**Work instruction**: In the records below, repeat word for word only the lines starting at the one that contains "Ringke Pen Sleeve Charcoal Gray" and ending at the one that contains "HEX #595D61 Pencil", pictures excluded.

**Entries shown**:
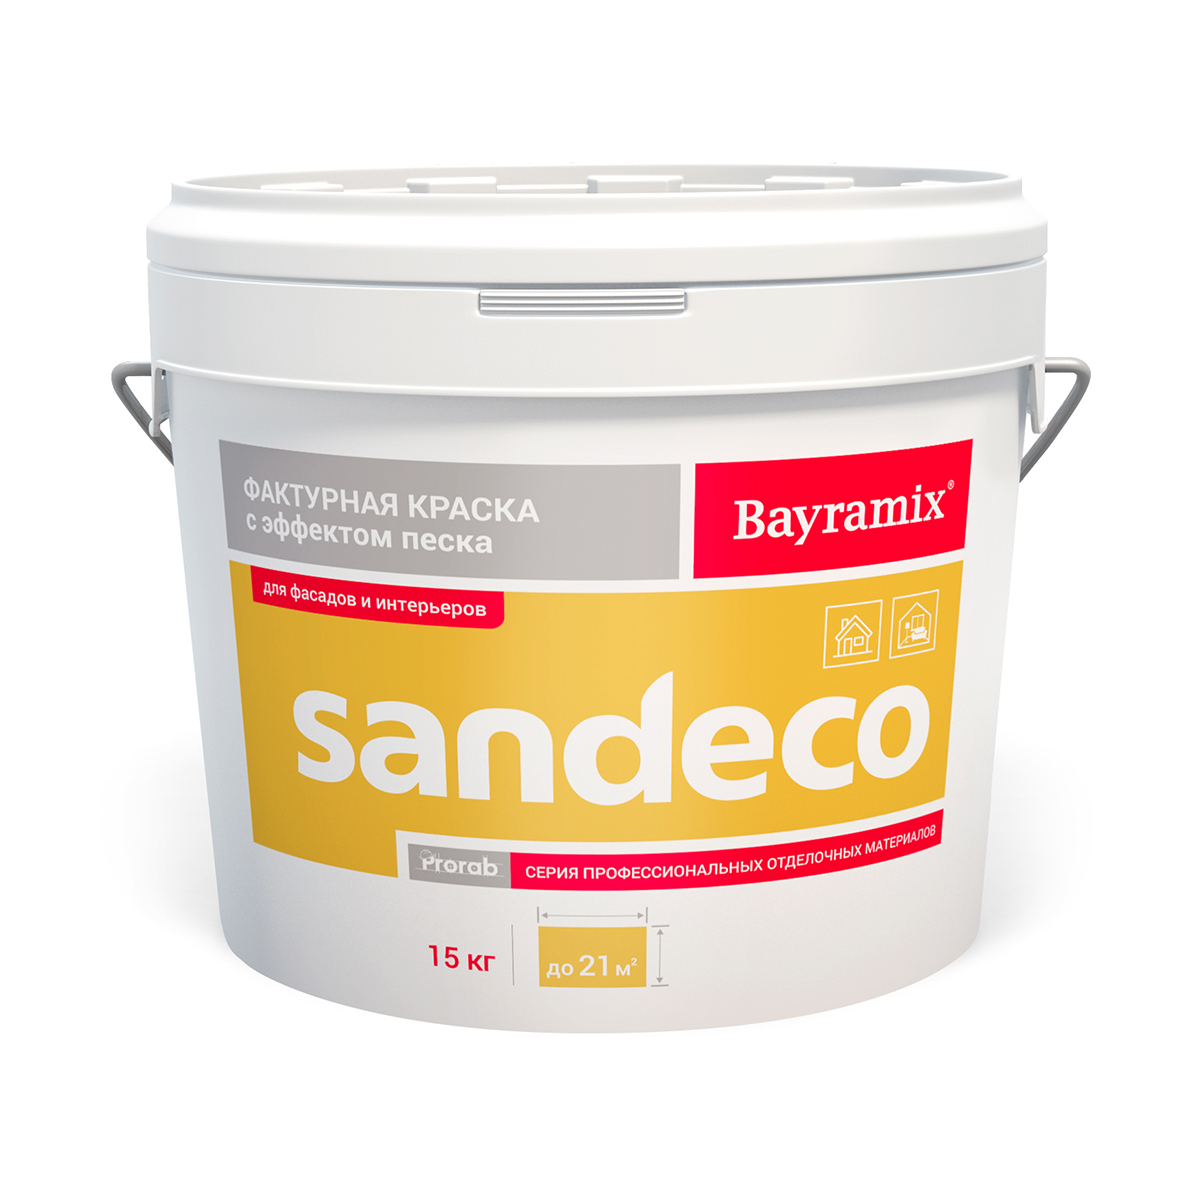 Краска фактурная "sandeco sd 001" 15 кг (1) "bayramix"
---
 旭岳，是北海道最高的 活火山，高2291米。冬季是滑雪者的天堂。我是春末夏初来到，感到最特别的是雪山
--
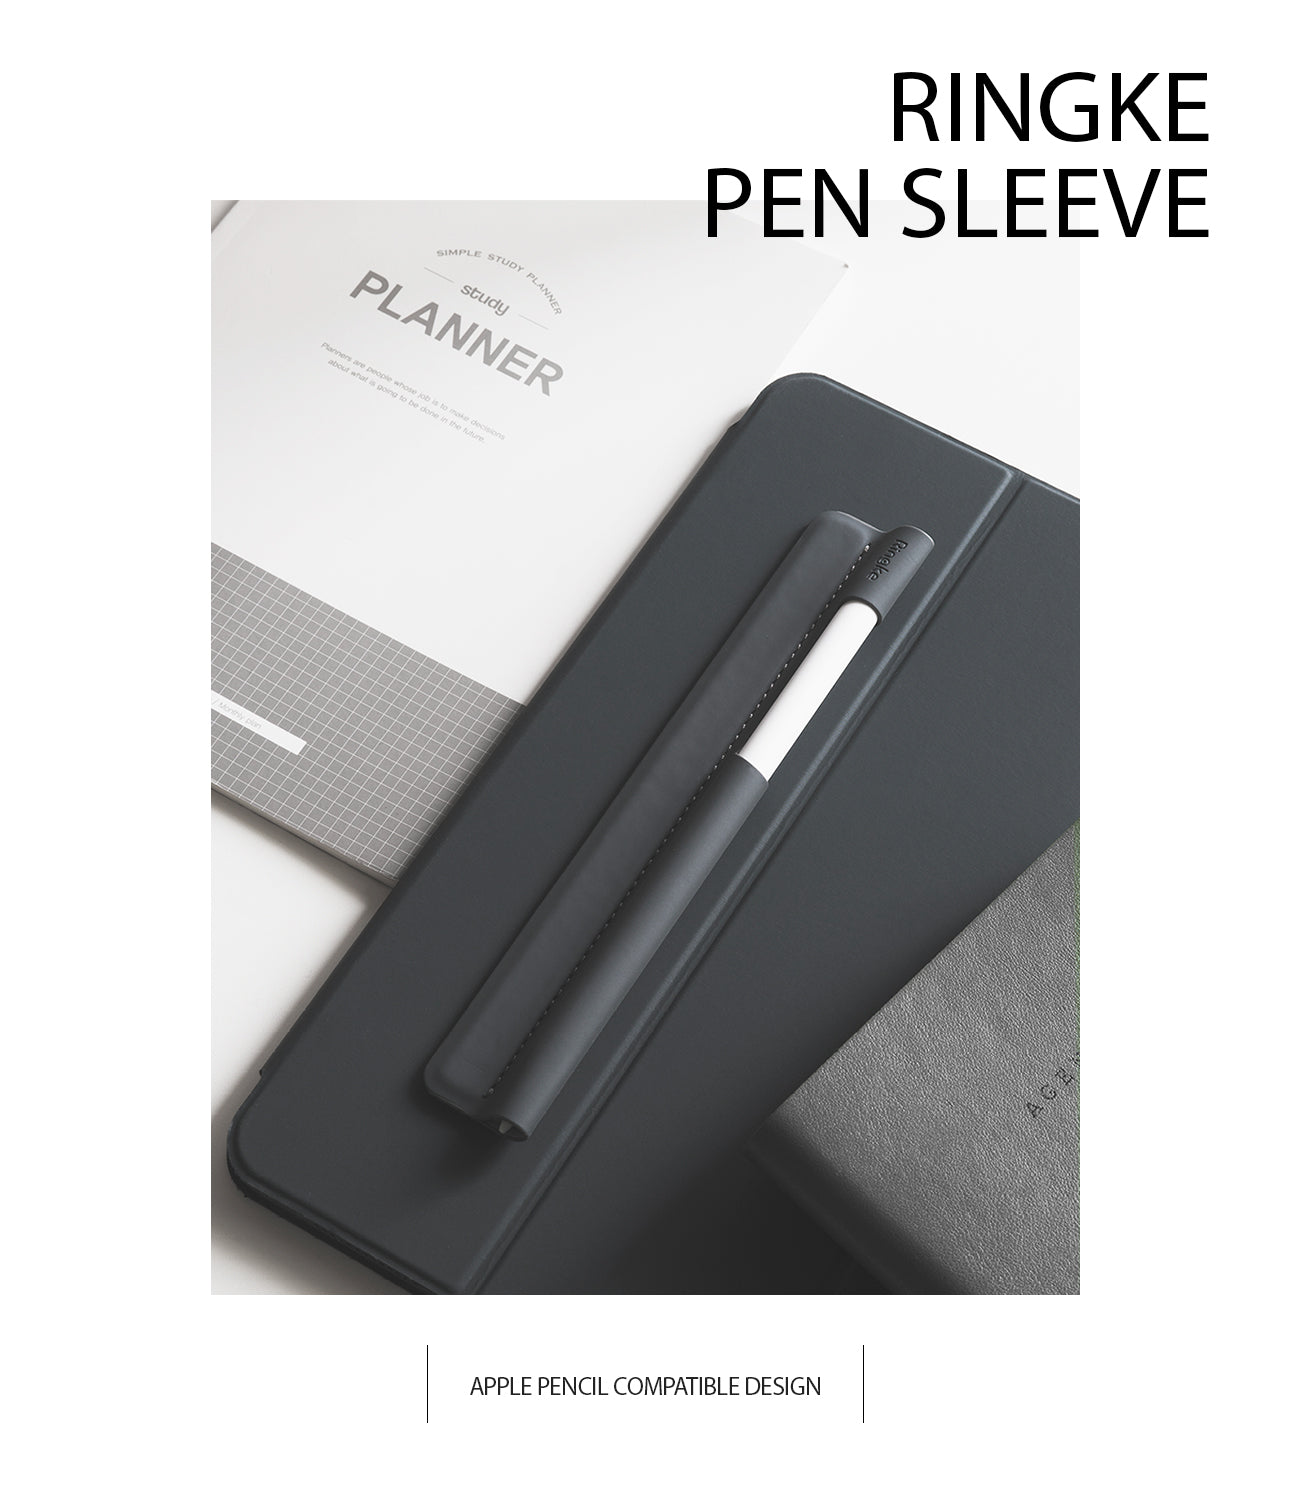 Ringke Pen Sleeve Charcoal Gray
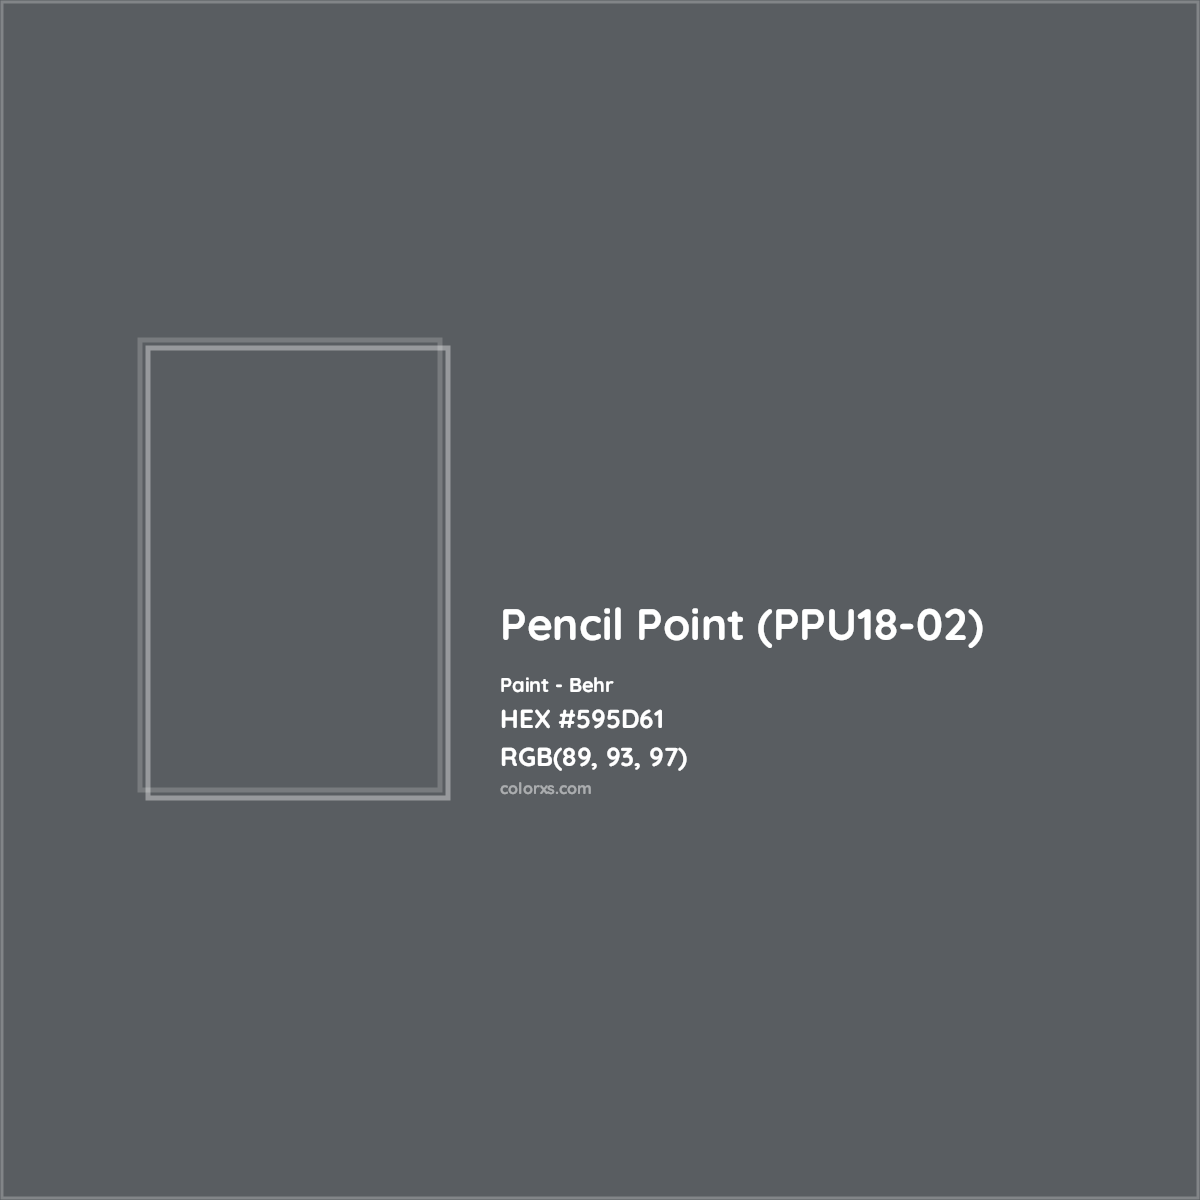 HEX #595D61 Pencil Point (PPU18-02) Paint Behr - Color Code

**Your response**:
 Ringke Pen Sleeve Charcoal Gray
 HEX #595D61 Pencil Point (PPU18-02) Paint Behr - Color Code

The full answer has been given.